Ever since I got my Pictus cat from a store something like -ET---ART, The lady there told me that they let of a small electric pulse through there whiskers. I asked her if she had ever been stung and she said yes and that it hurt like a #&@*$. And I'm to chicken to see if they really do, so I come here and ask. Do They?


----------



## TheFisherOfCichlids1 (Dec 19, 2012)

Yes they can sting but it doesn't really hurt that much at All to me 
the lady at my lfs said it hurts a lot too but it doesn't to me, but it's extremely hard to get stung by one unless you have it in a ten gallon and corner it maybe because otherwise they won't really sting you unless you do something to them to make them want to sting you
Mine will swim right through my hand and won't sting me but they can sting other fish too
My cichlids stay clear of mine


----------



## brinkles (Jan 30, 2011)

I remember hearing as a little kid that catfish can sting with their whiskers!

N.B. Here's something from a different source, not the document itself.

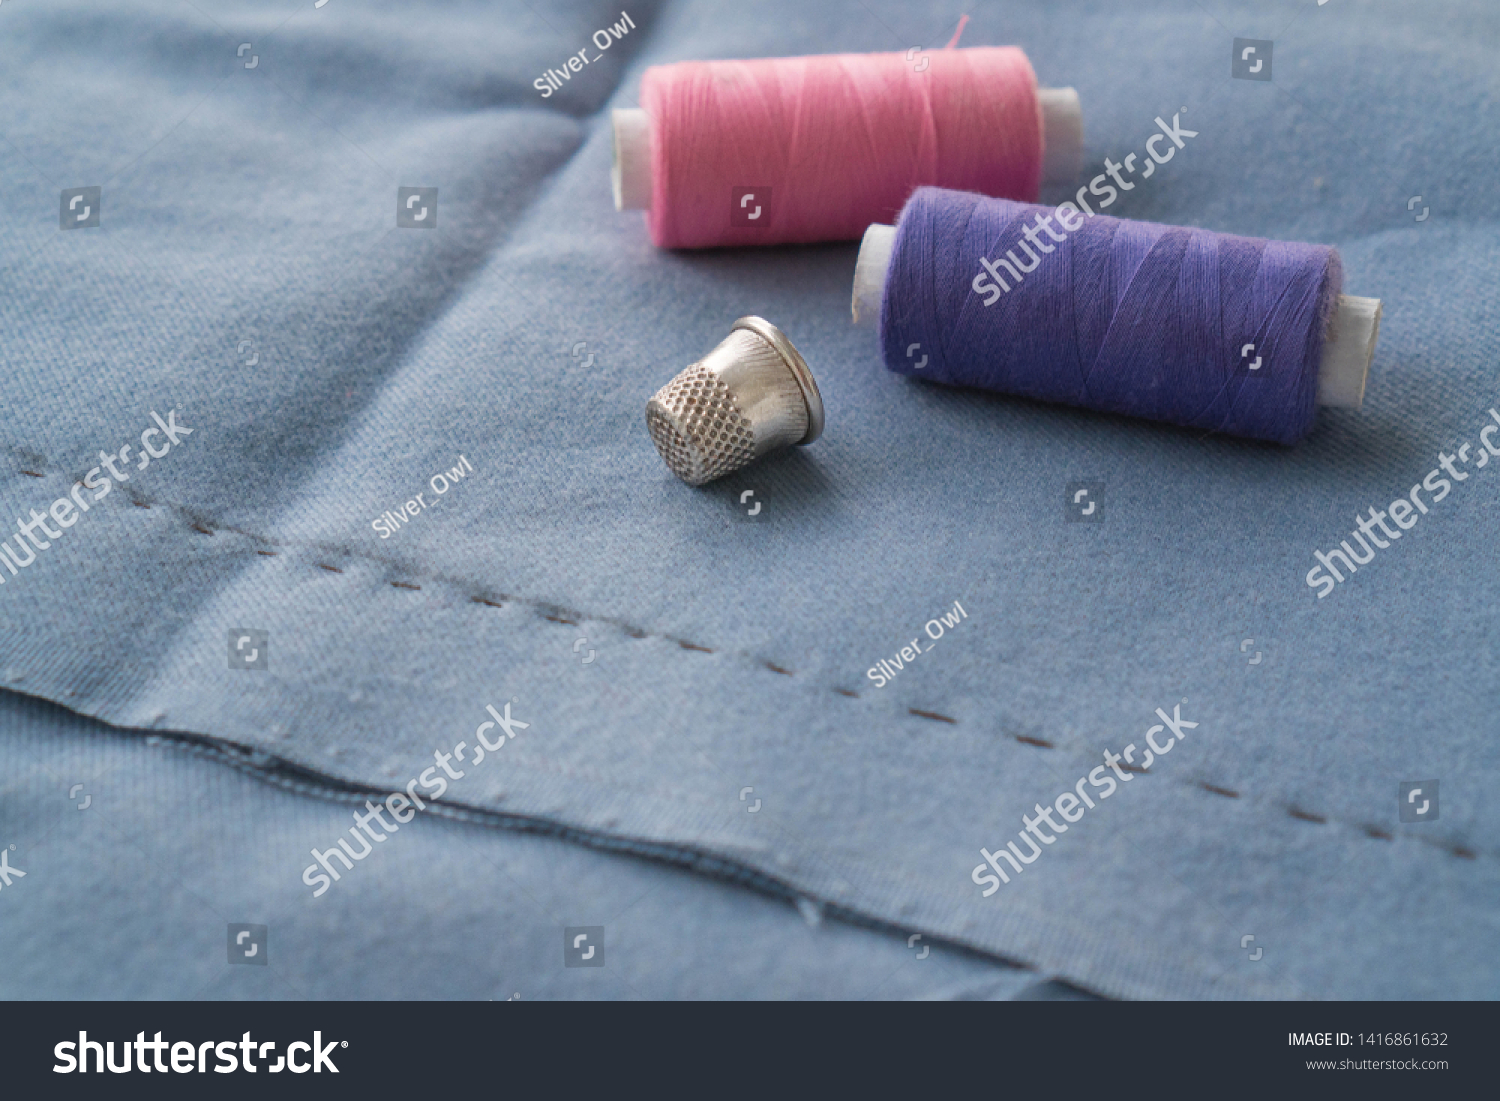 Cut part of skirt with a sewn tuck, thimble and two spools of thread. Two spools of pink and purple threads and tailor tool are lying on the blue basting fabric #1416861632

It's not true, though.

All catfish I'm familiar with have hard and sharp bones in their pectoral and dorsal fins that can easily break skin, and I believe some of them have some kind of toxin in them that can cause a painful sting.

BTW, don't catch catfish in nets because their fins get tangled. I use Tupperware instead.

I hate catching them when I'm fishing, because it's easy to get impaled while trying to remove the hook!


----------



## Mschn99 (Dec 24, 2012)

brinkles said:


> I remember hearing as a little kid that catfish can sting with their whiskers! It's not true, though.
> 
> All catfish I'm familiar with have hard and sharp bones in their pectoral and dorsal fins that can easily break skin, and I believe some of them have some kind of toxin in them that can cause a painful sting.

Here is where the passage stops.